Material provided -
--------------------------------------------------

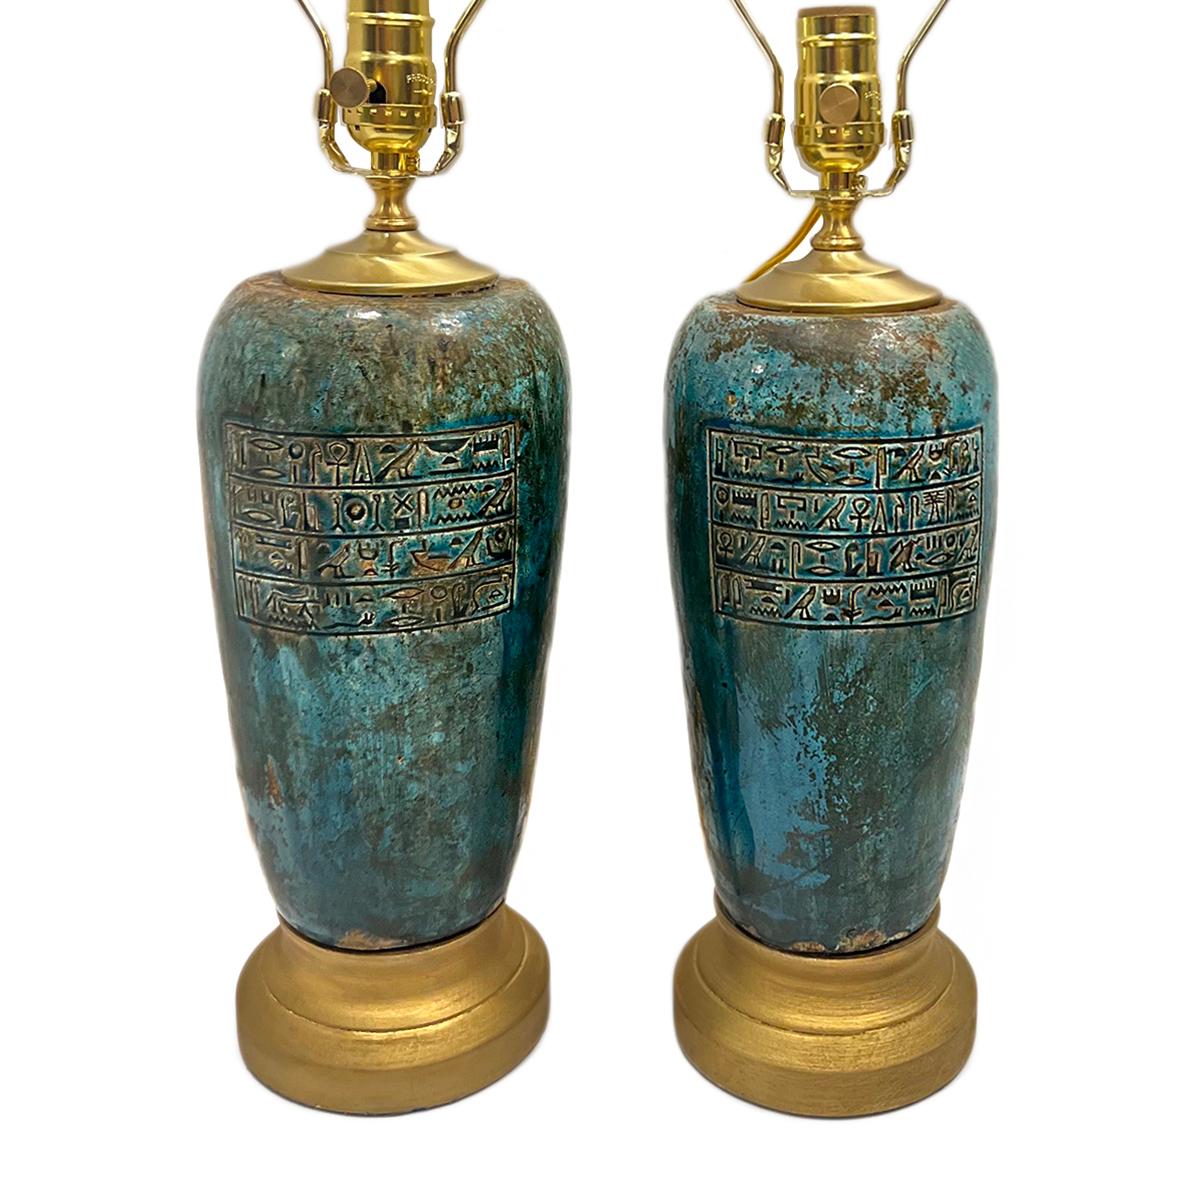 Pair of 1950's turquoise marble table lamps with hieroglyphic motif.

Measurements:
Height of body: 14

--------------------------------------------------

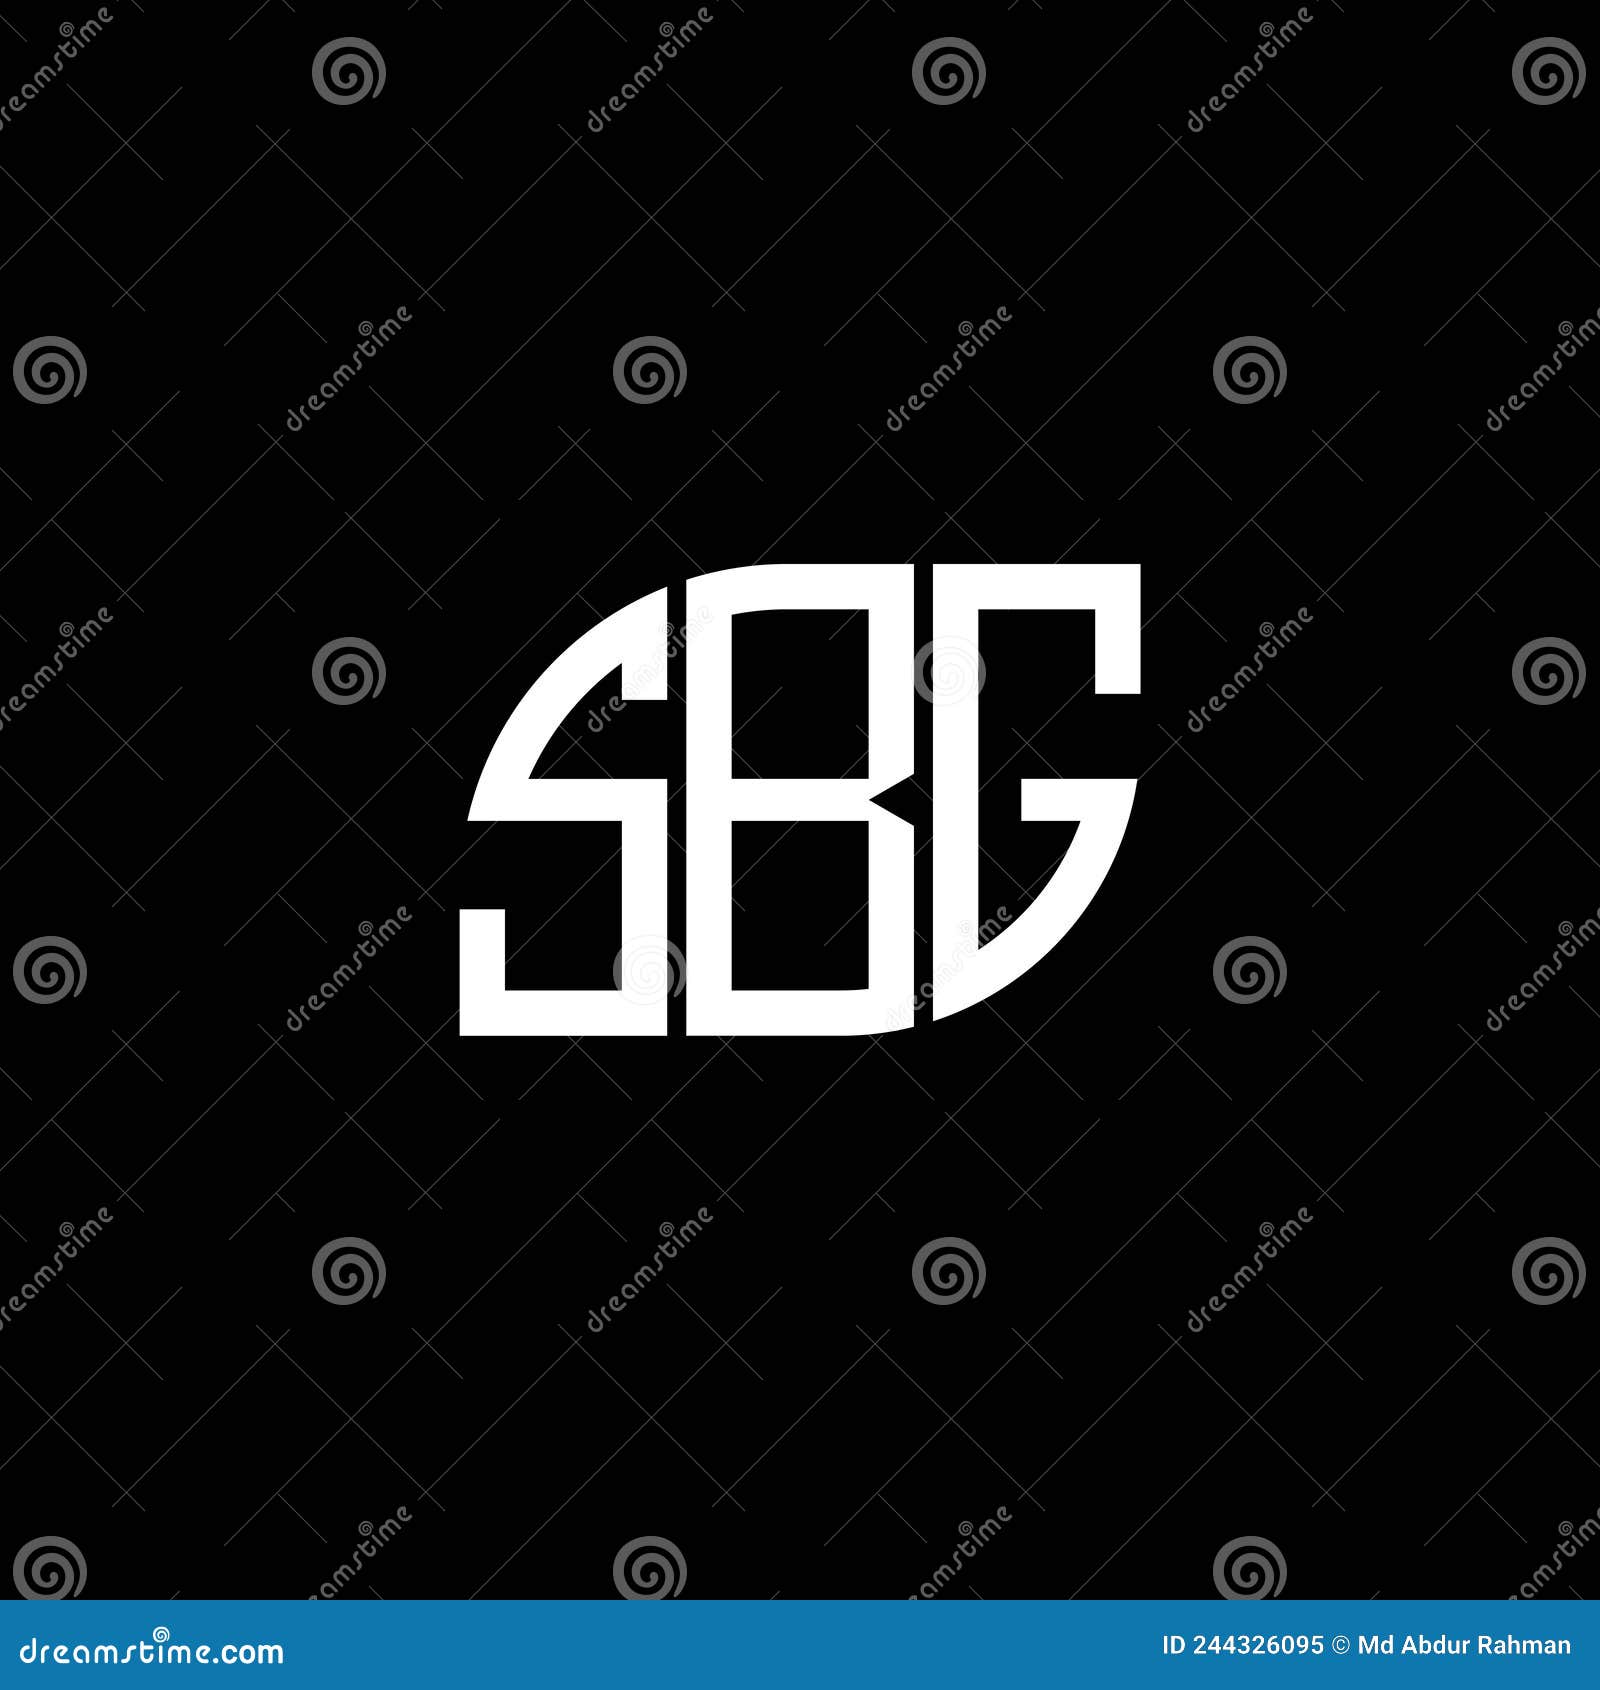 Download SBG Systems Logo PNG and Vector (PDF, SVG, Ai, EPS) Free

--------------------------------------------------

Task objective -
Everything from the line with "Pair of 1950's" down to the line with "Height of body: 14" in the data above should be copied exactly, with both end lines kept and the pictures left out.

Task solution -
 Pair of 1950's turquoise marble table lamps with hieroglyphic motif.

Measurements:
Height of body: 14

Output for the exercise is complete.